## TASK REQUIREMENTS:
Exactly reproduce the lines from the line bearing "Patrick Zimmerli, Dave" through the end of the listing, inclusive of both; pictures are to be omitted.
** Opening COLLECTED MATERIAL block **
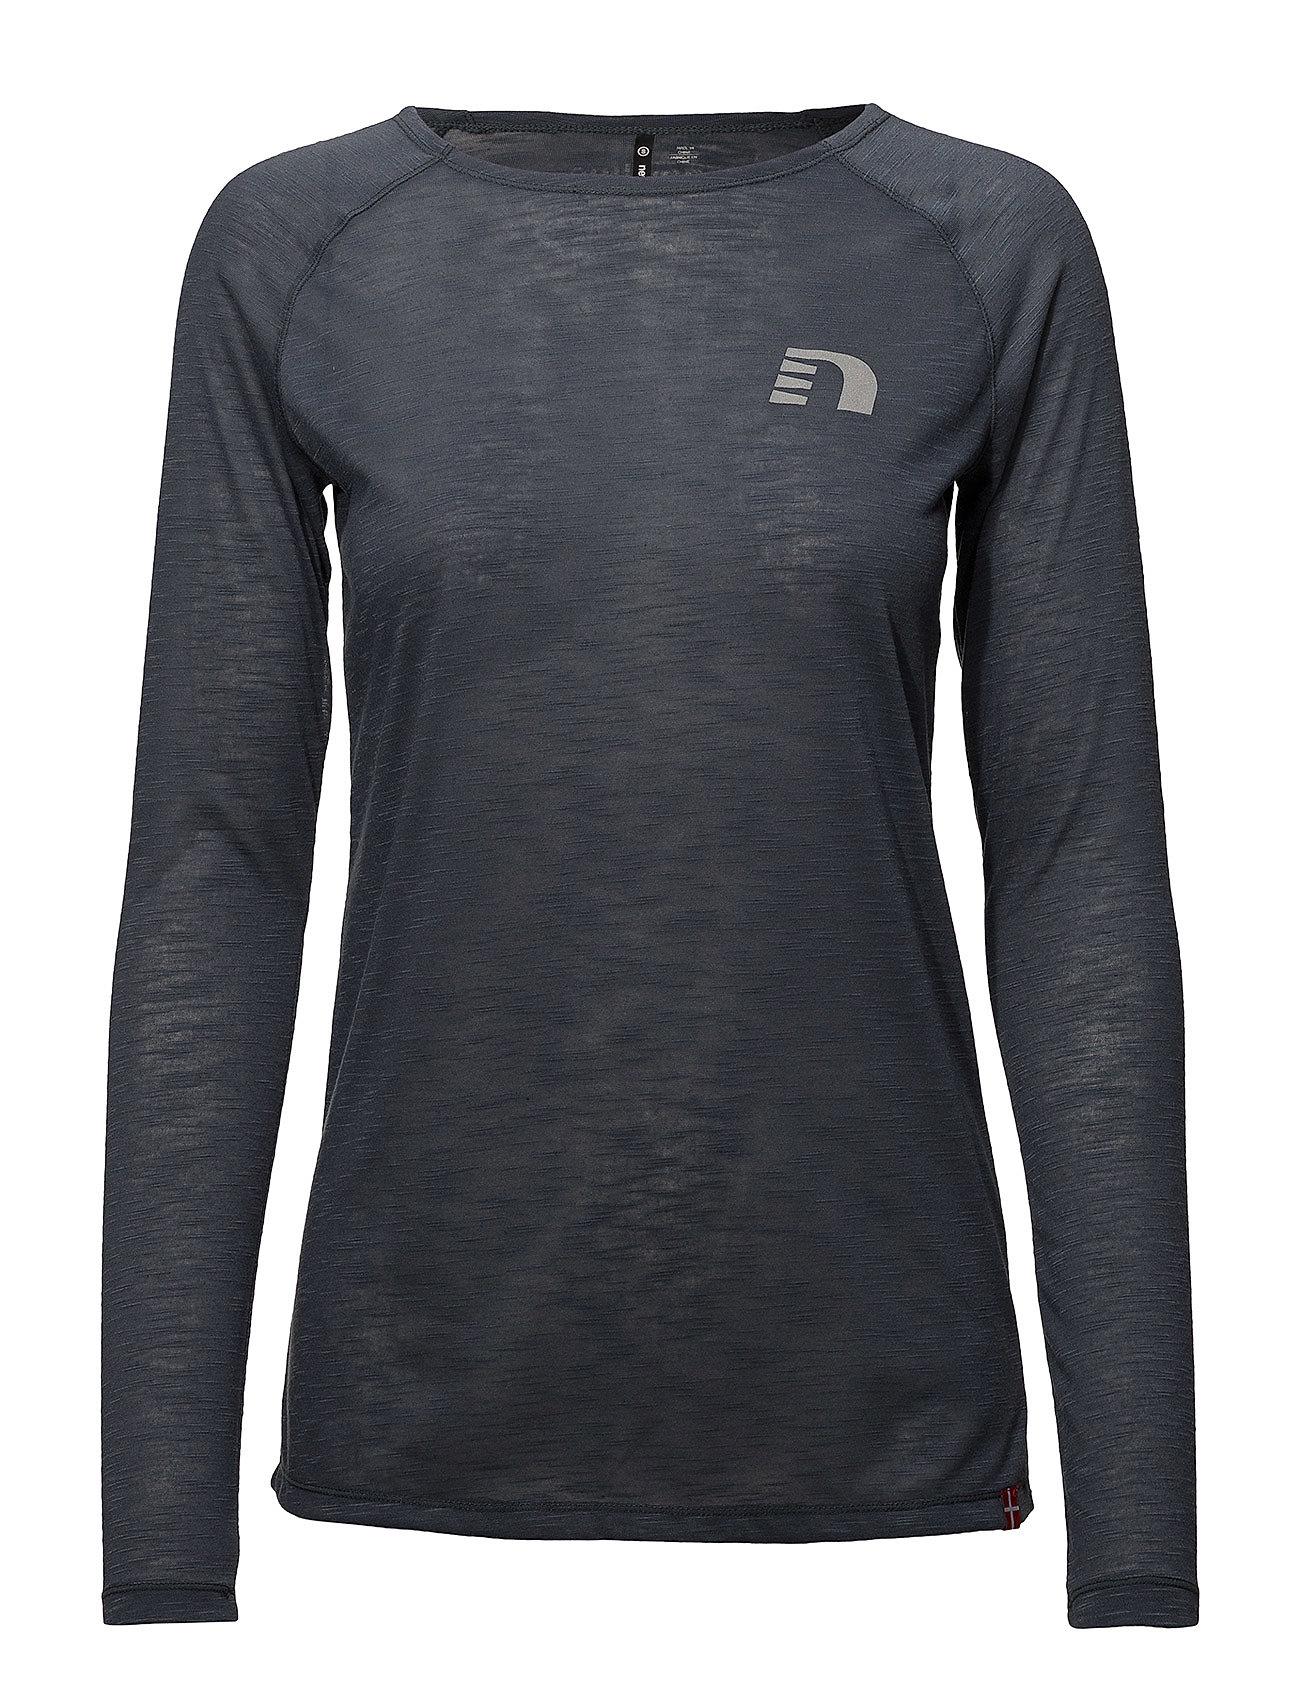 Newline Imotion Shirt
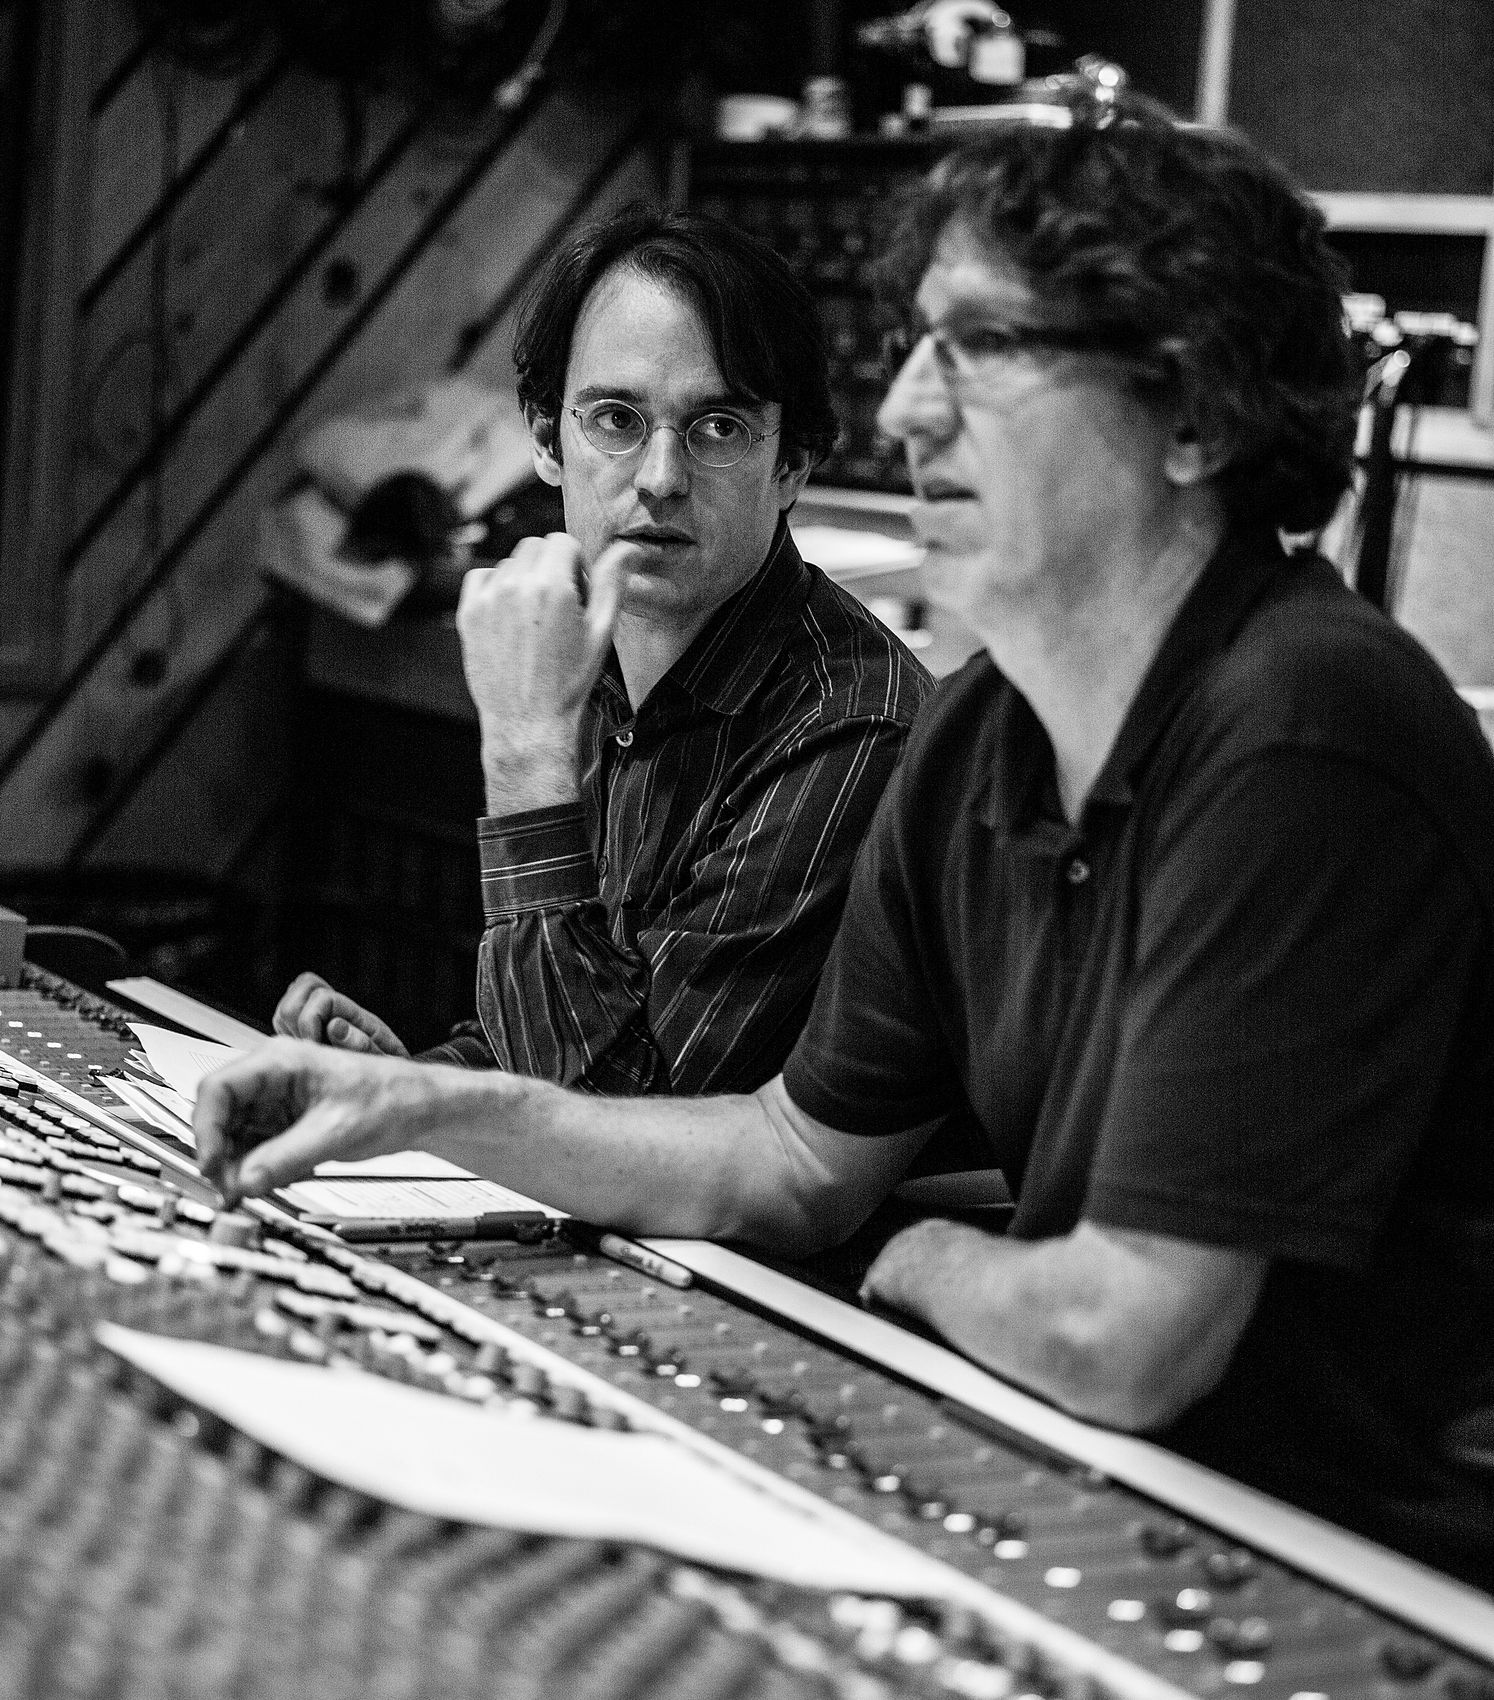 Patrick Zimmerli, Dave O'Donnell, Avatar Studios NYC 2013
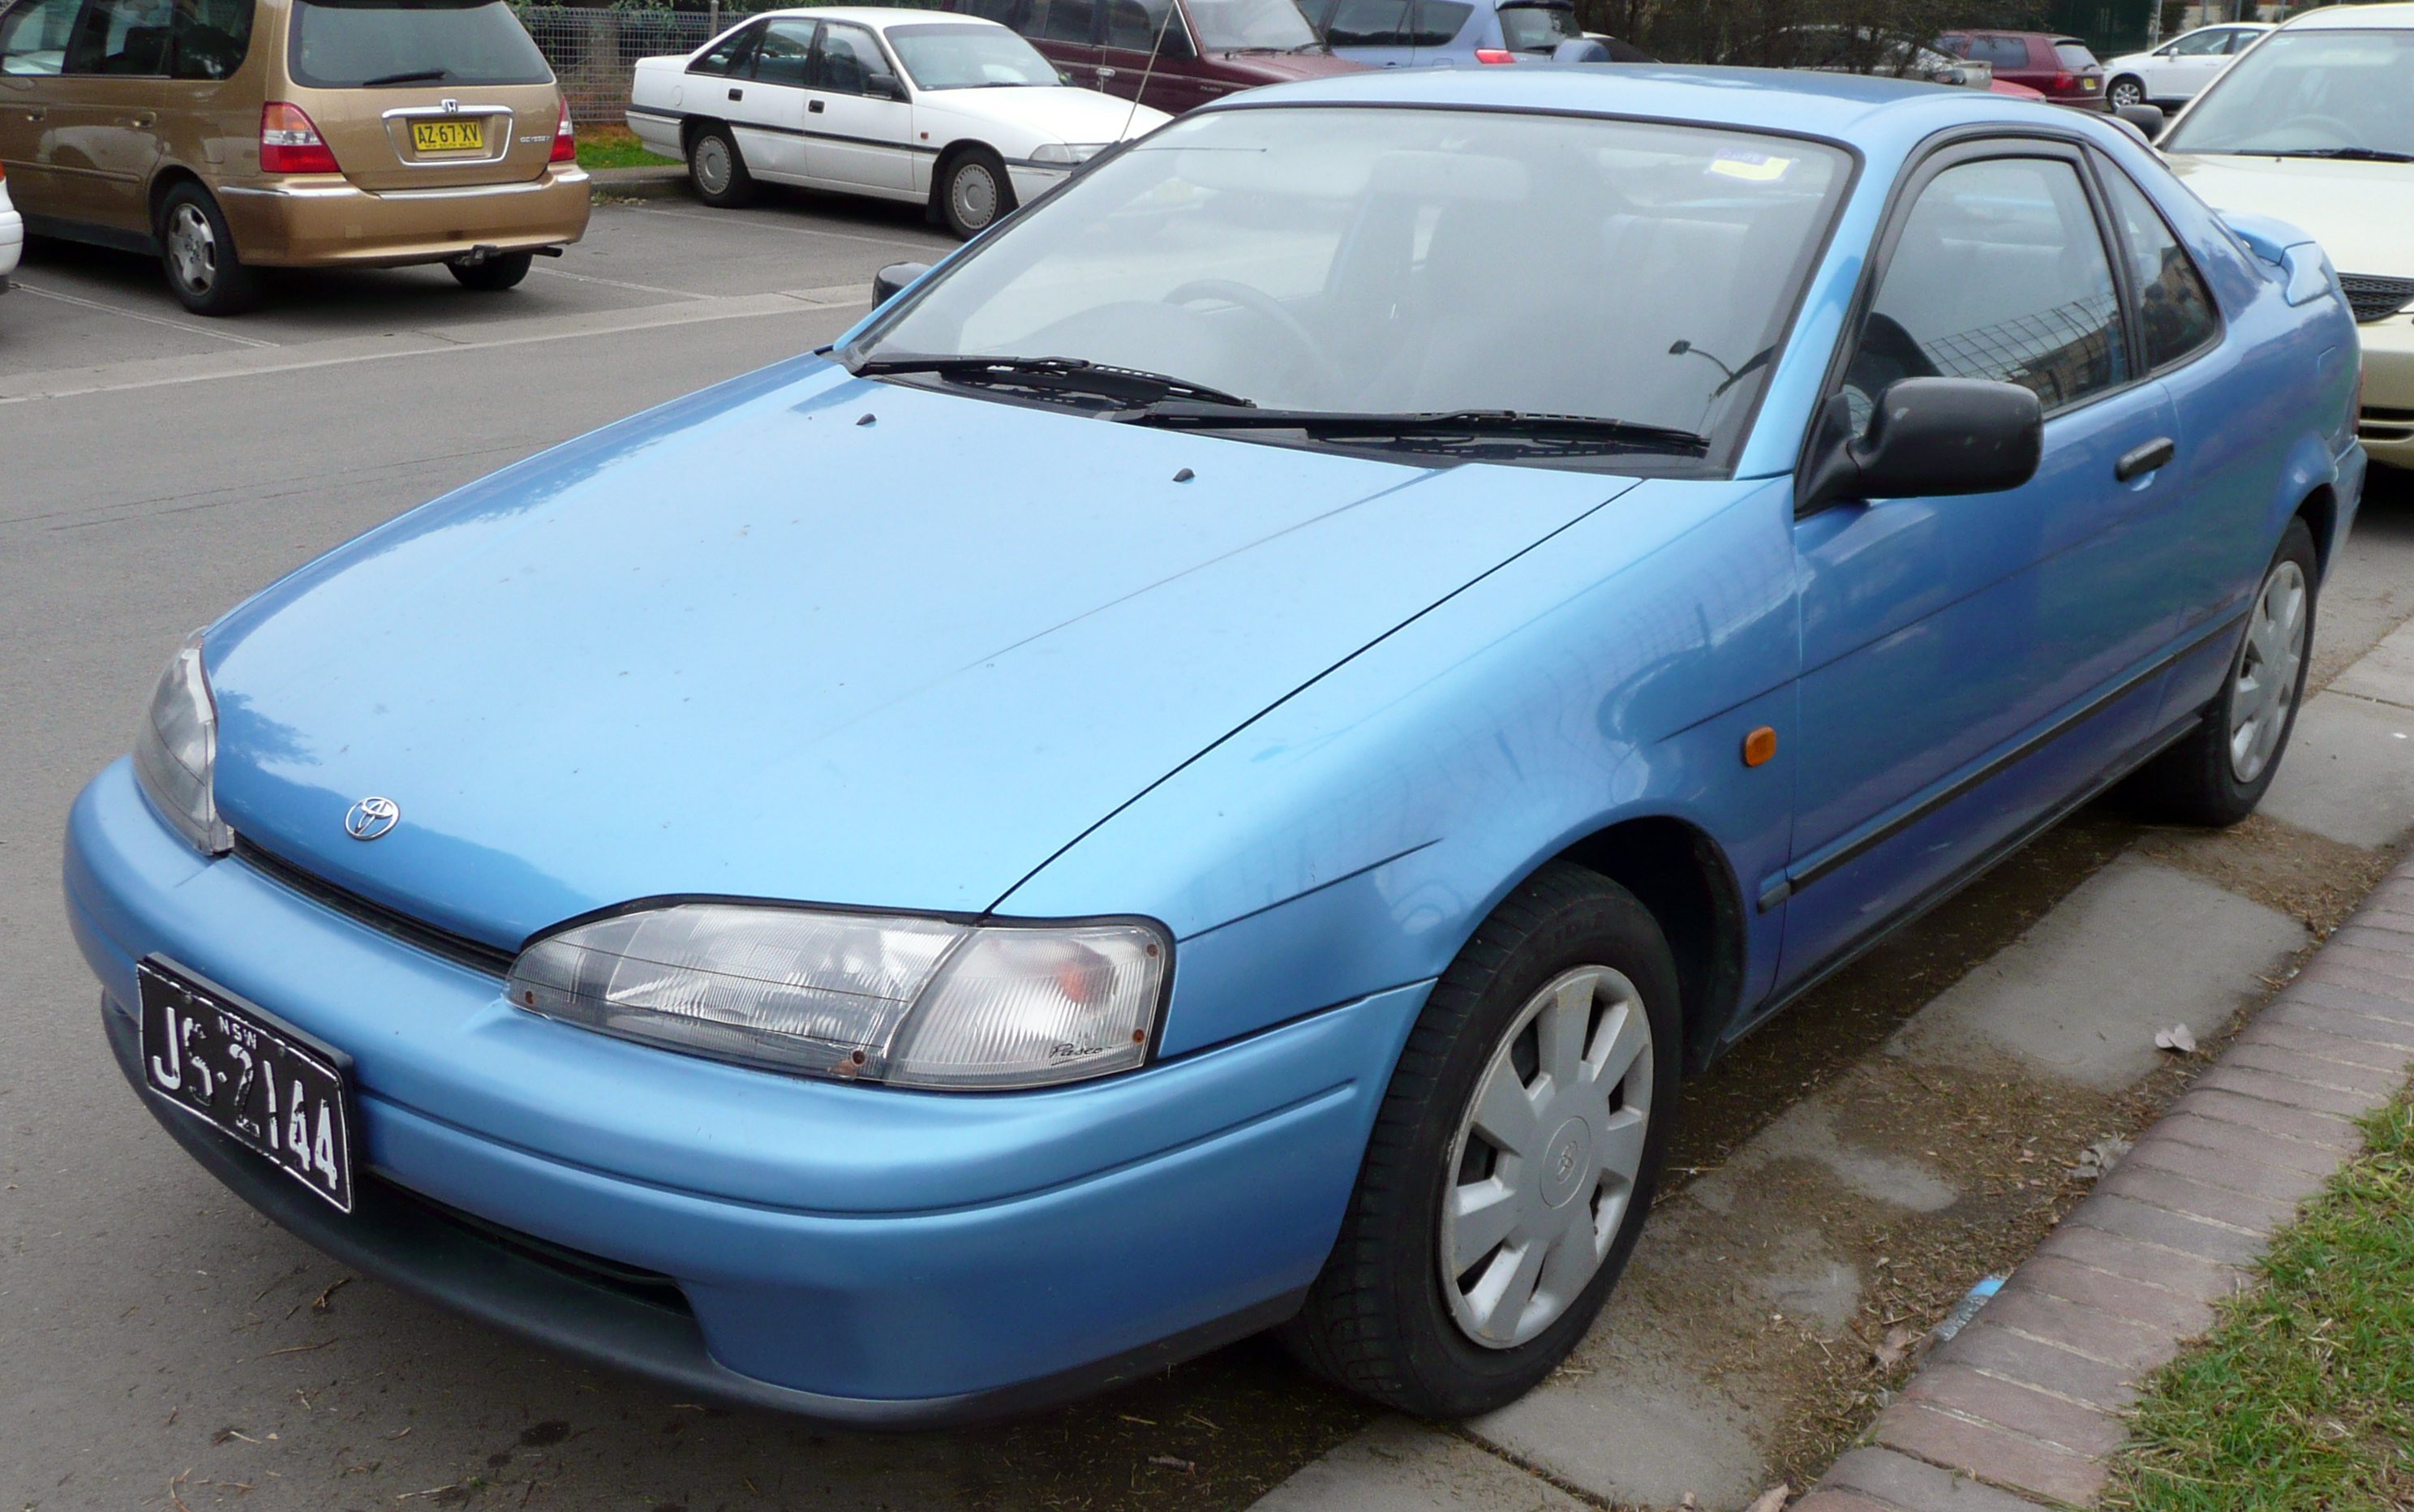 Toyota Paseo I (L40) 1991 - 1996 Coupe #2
** Closing COLLECTED MATERIAL block **
## RESPONSE:
 Patrick Zimmerli, Dave O'Donnell, Avatar Studios NYC 2013
 Toyota Paseo I (L40) 1991 - 1996 Coupe #2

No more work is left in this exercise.